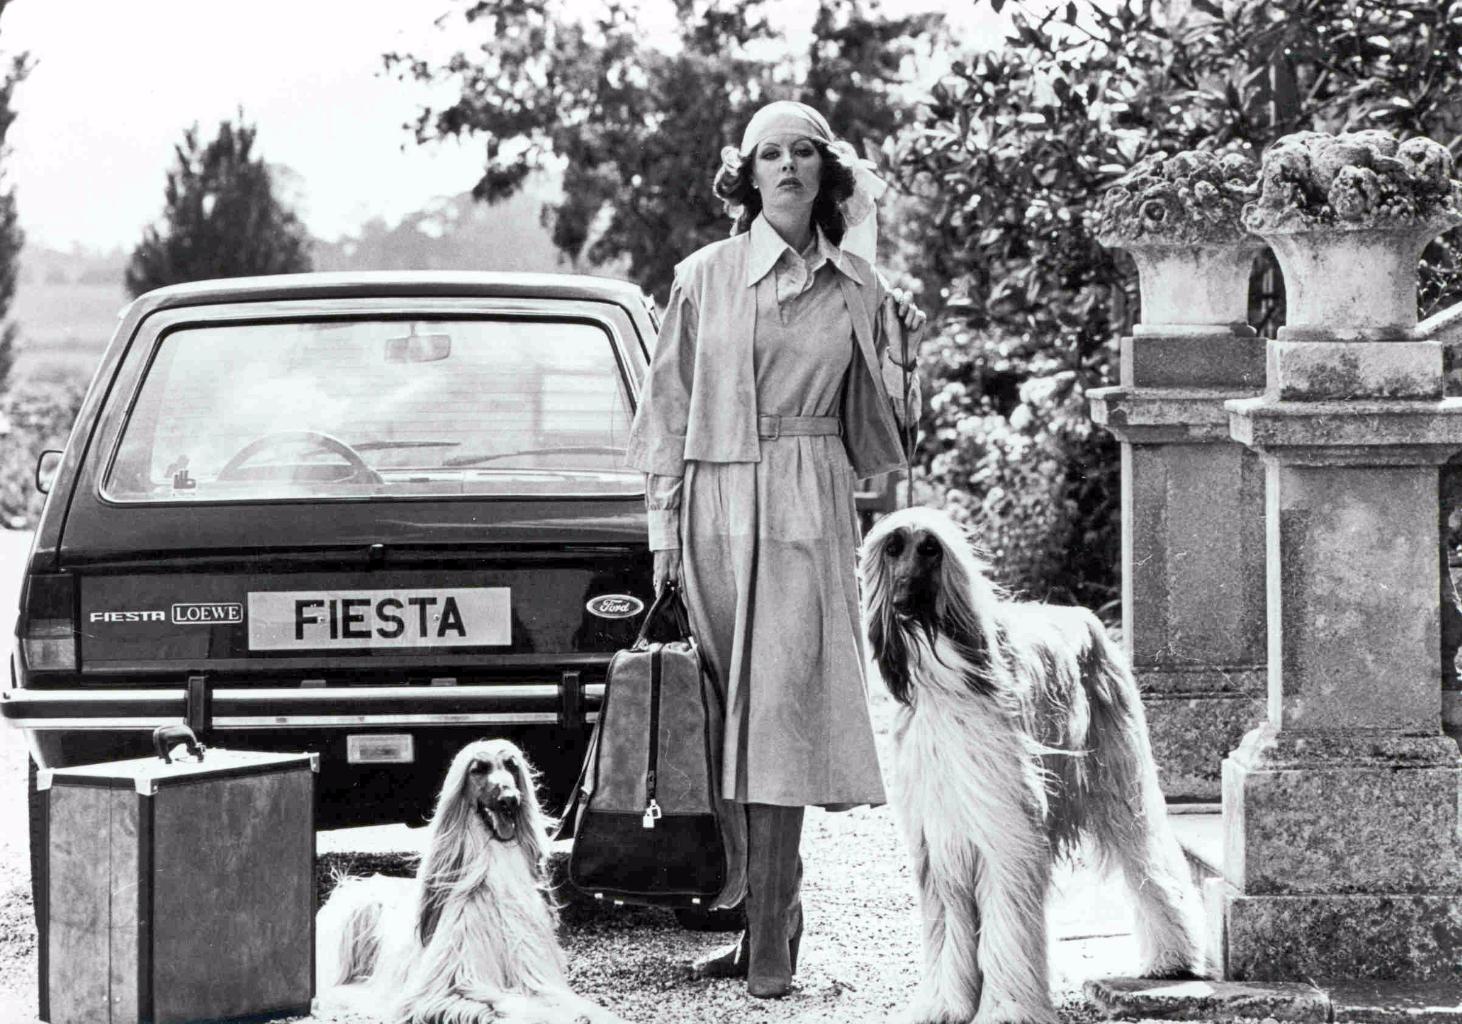 fordfiesta_1976-1983_lifestyle70s_10
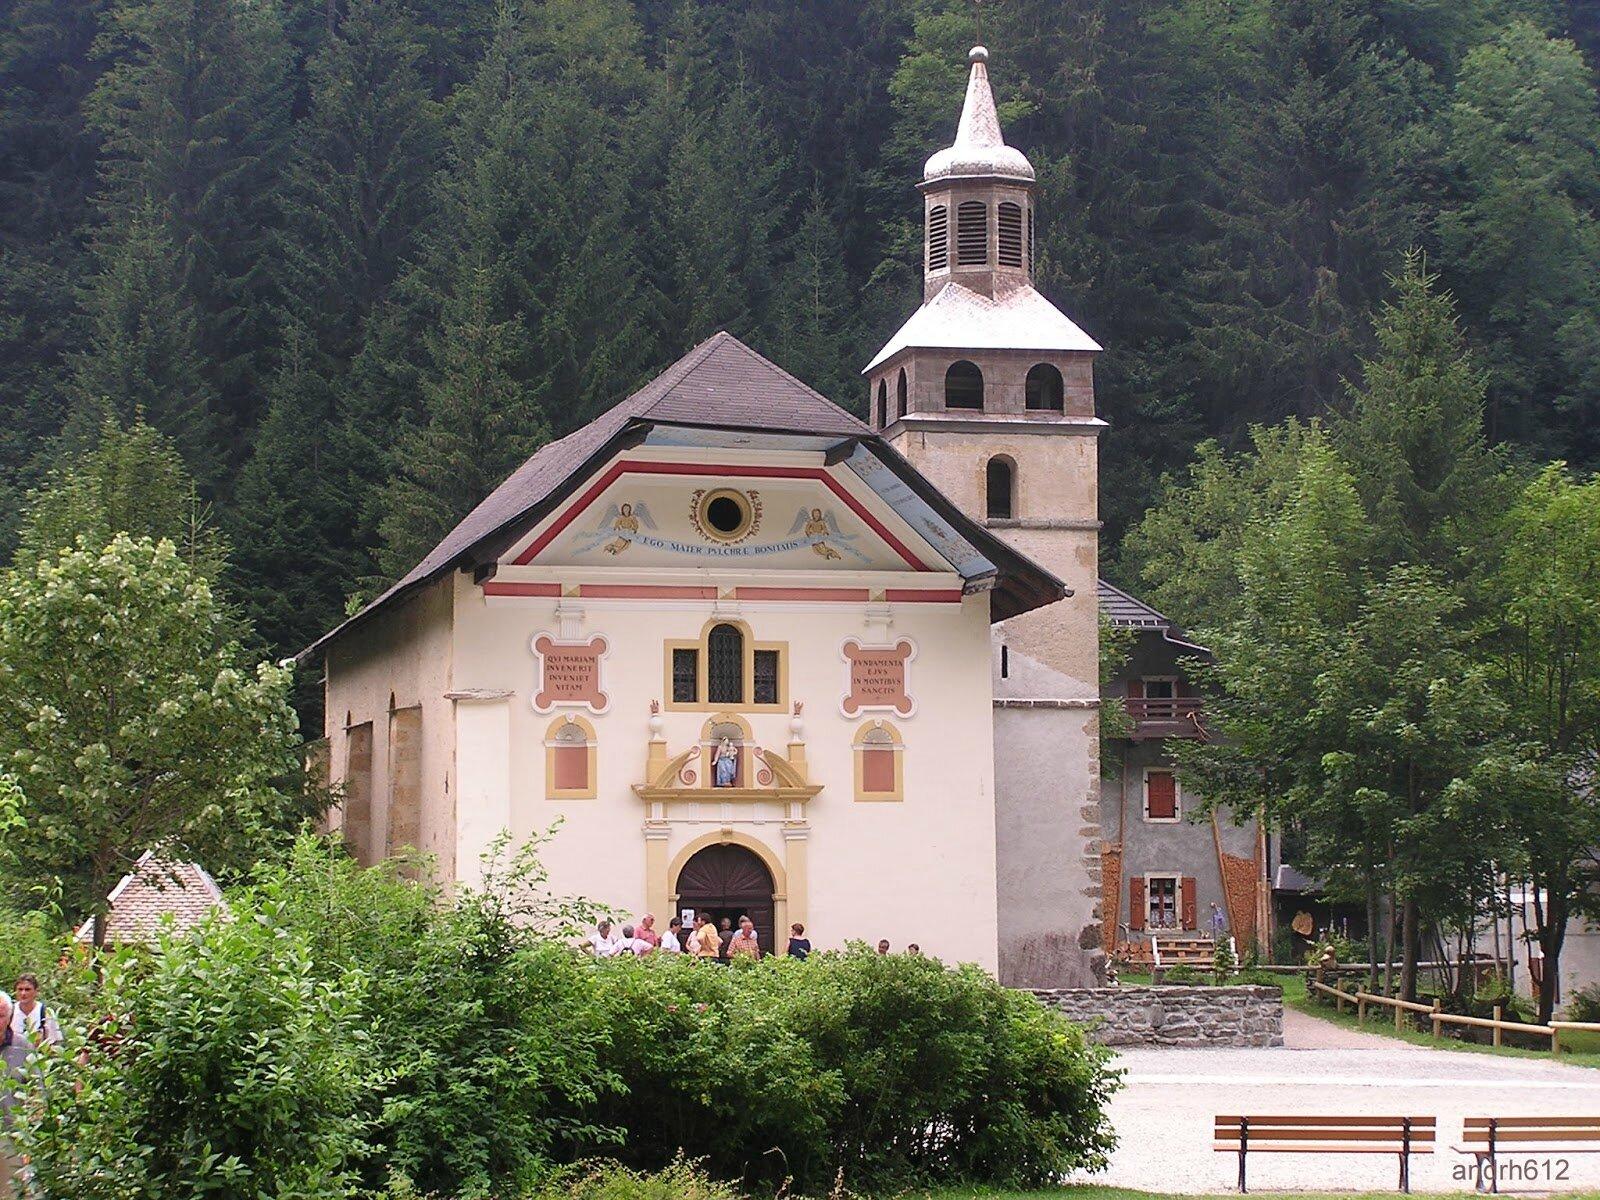 Chapelle Notre-Dame-de-la-Gorge
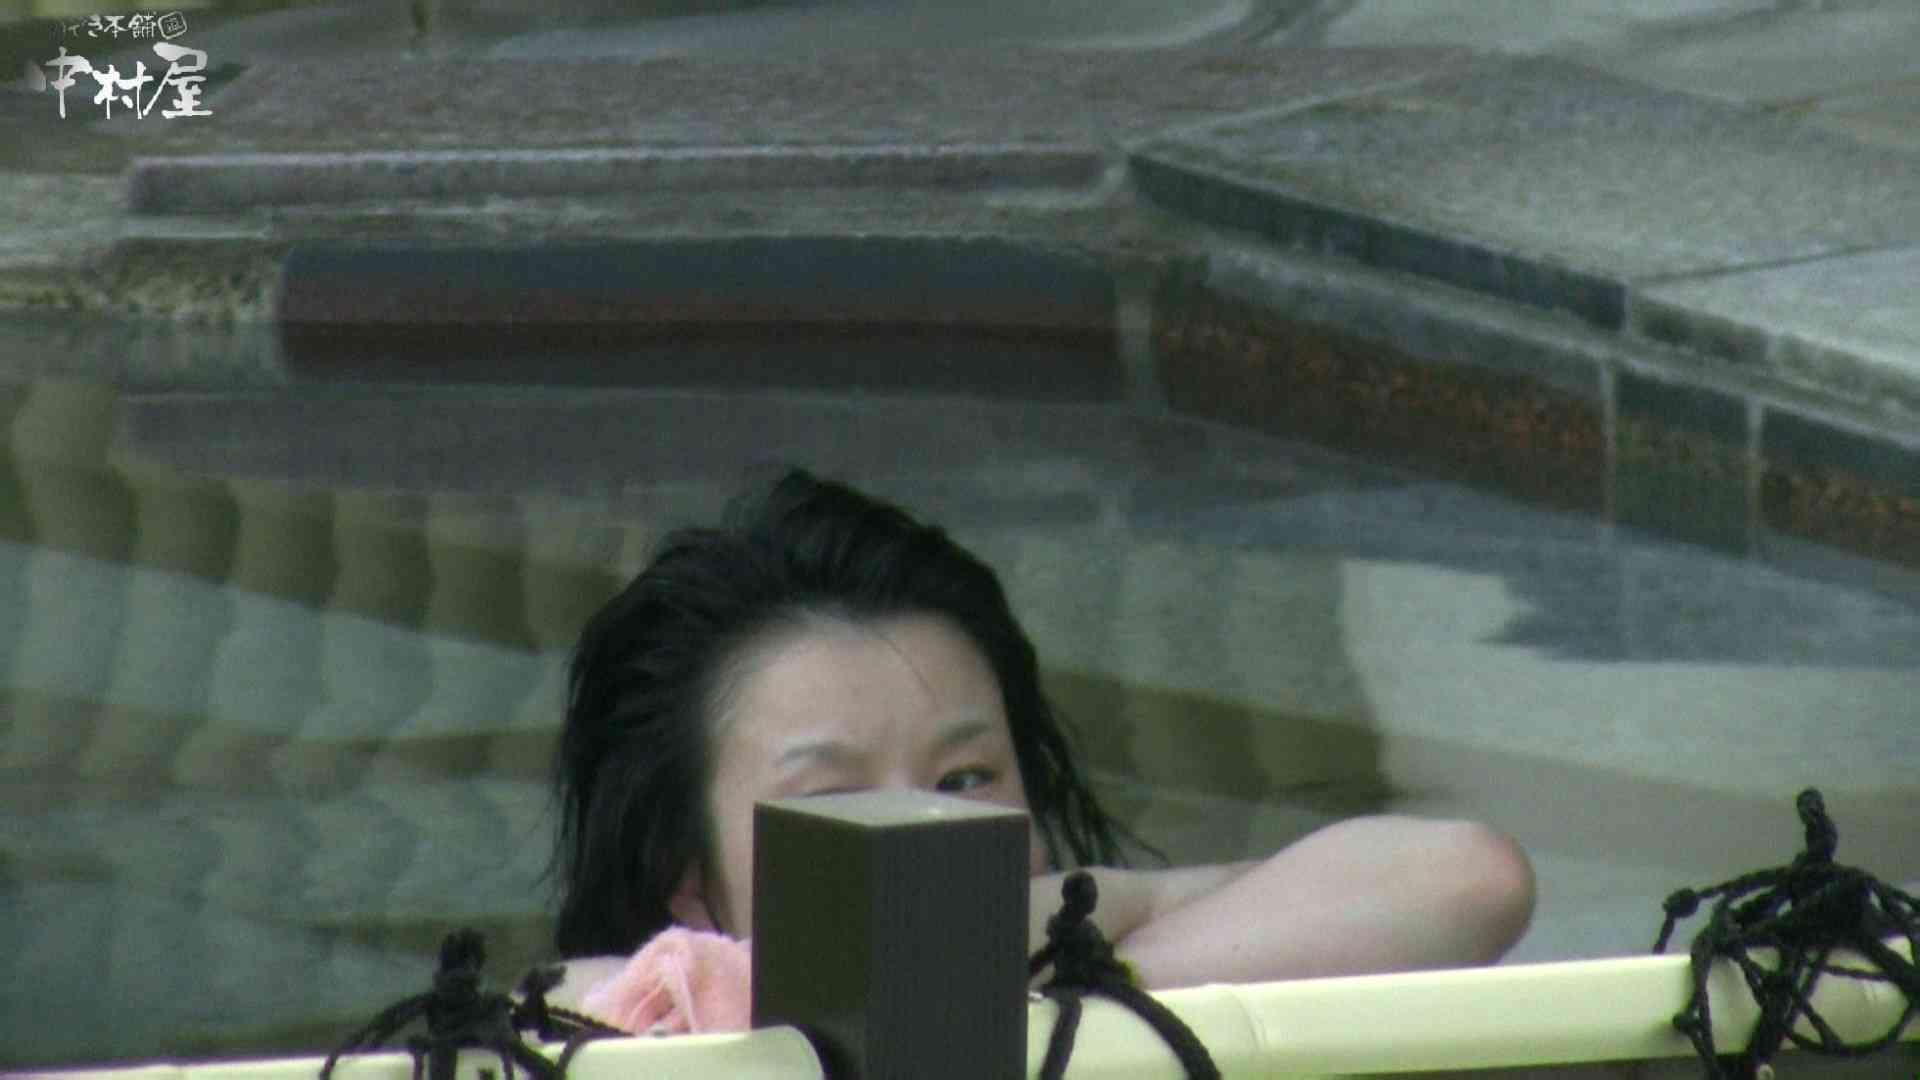 Aquaな露天風呂Vol.982 美しいOLの裸体   盗撮師作品  78pic 16

════

• **TASK OBJECTIVE**: Repeat the listing above word for word. Do not include the pictures.

• **EXPECTED OUTPUT**:
 fordfiesta_1976-1983_lifestyle70s_10
 Chapelle Notre-Dame-de-la-Gorge
 Aquaな露天風呂Vol.982 美しいOLの裸体   盗撮師作品  78pic 16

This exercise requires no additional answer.